WarpStream is building a cheaper, cloud-native data streaming service
When the open source streaming service, Apache Kafka, was created in 2011 at LinkedIn, it was a different world. Most companies were still on prem. The notion of cloud computing was just beginning to emerge. WarpStream, an early stage startup, sees the value of streaming in a cloud native context and built a new solution from the ground up based on the Apache Kafka protocol, but designed for the cloud age.
Today the company announced a $20 million investment.
WarpStream CEO Richard Artoul says that he and his co-founder, CTO Ryan Worl, found in their previous jobs that moving data into Kafka was complex and expensive and they wanted to change that. “If you were building something today that looked like Apache Kafka like we did with WarpStream, you would take a really different approach than was taken back in 2011 when Kafka was first designed, and so that’s why we think now’s a really good time for us to build something new that can actually meaningfully drive down costs and operational burden for people,” Artoul told TechCrunch.
The way they do that is by taking advantage of today’s cloud environment to separate compute from storage using an object storage service like Amazon S3. By taking this approach, they have been able to eliminate inter-zone networking costs, which often represent 80% or more of the total cost of running large scale Kafka workloads, according to the company.
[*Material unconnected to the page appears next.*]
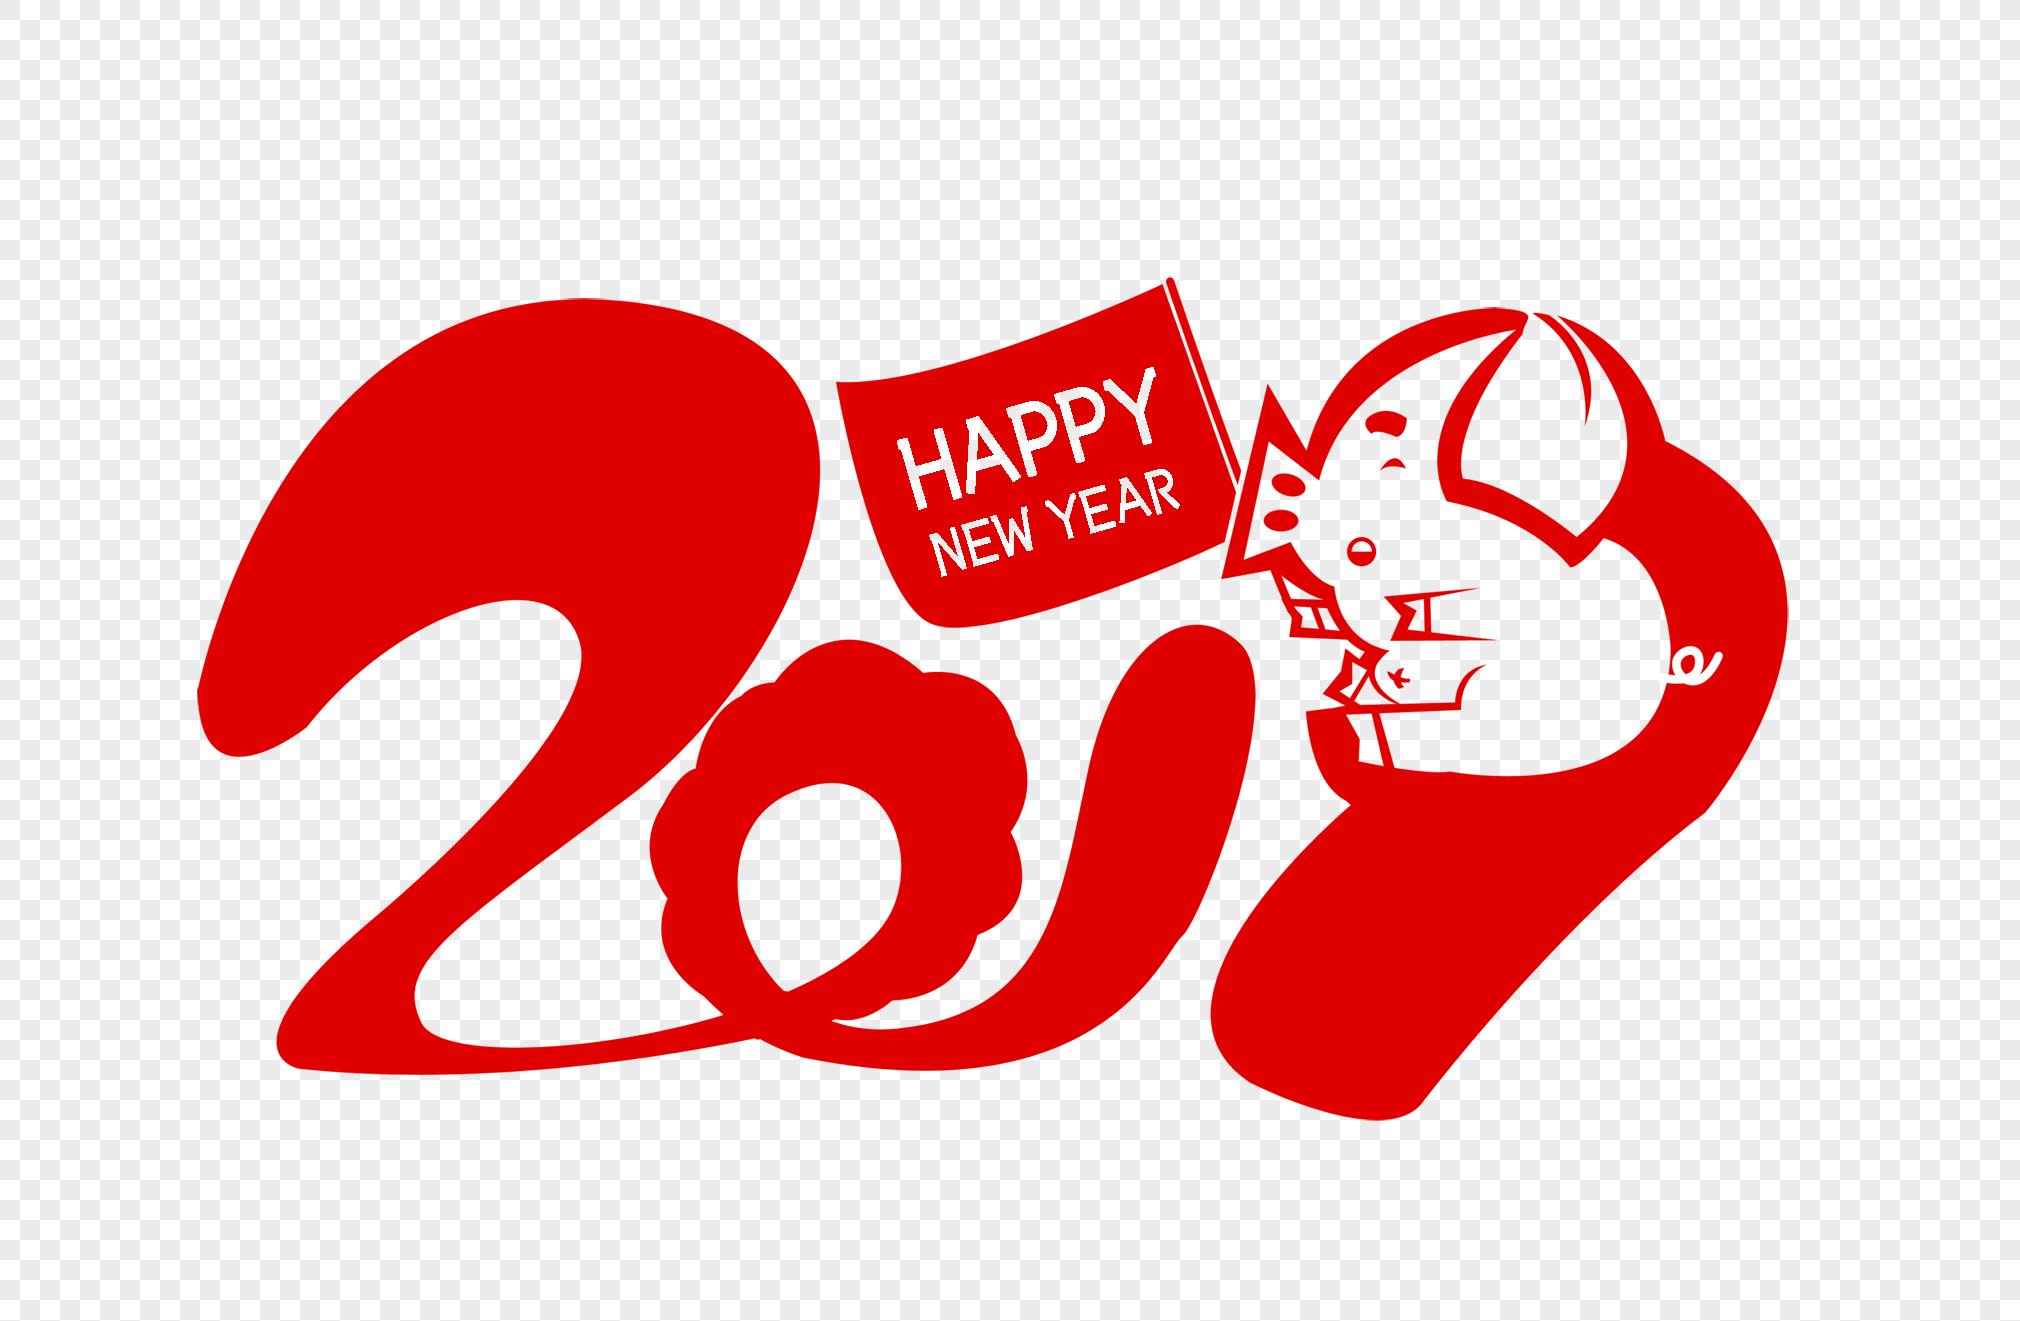 originality 2019 font design for pig year png image

“When you interact and store data in cloud object storage you get to sidestep all these networking fees that plague these big data systems when they get lifted, shifted into the cloud,” he said. “And a lot of the really hard problems around data durability and replication that Kafka had to solve on its own by copying the data three times, replicating it and making sure that data was never lost, we’re able to offload those problems to the object storage layer itself, and that ends up making the system a lot easier and cheaper to operate.”
Artoul and Worl were working together at Datadog when they helped develop a storage system called Husky. Today, if a DataDog customer is searching through their application logs, they’re actually using Husky. Datadog was also a big Kafka user. “Based on our experience building the kind of storage system on top of object storage we had built at DataDog, we felt like streaming systems should work the same way. And so last year we left Datadog to start working on it,” he said.
They are taking two approaches, one where customers can essentially bring their own cloud and install WarpStream, and one where they offer a fully managed serverless option. The BYOC version is available starting today. The company has also included a calculator right on the pricing page to figure out how much it will cost to run WarpStream.
The founders brought some of the folks who helped build Husky to build the new system, and today they have 9 employees. The good news is that they are hiring and hope to double head count by the end of the year.
The $20 million investment was led by Greylock and Amplify Partners with some data industry luminaries also chipping in with angel investments.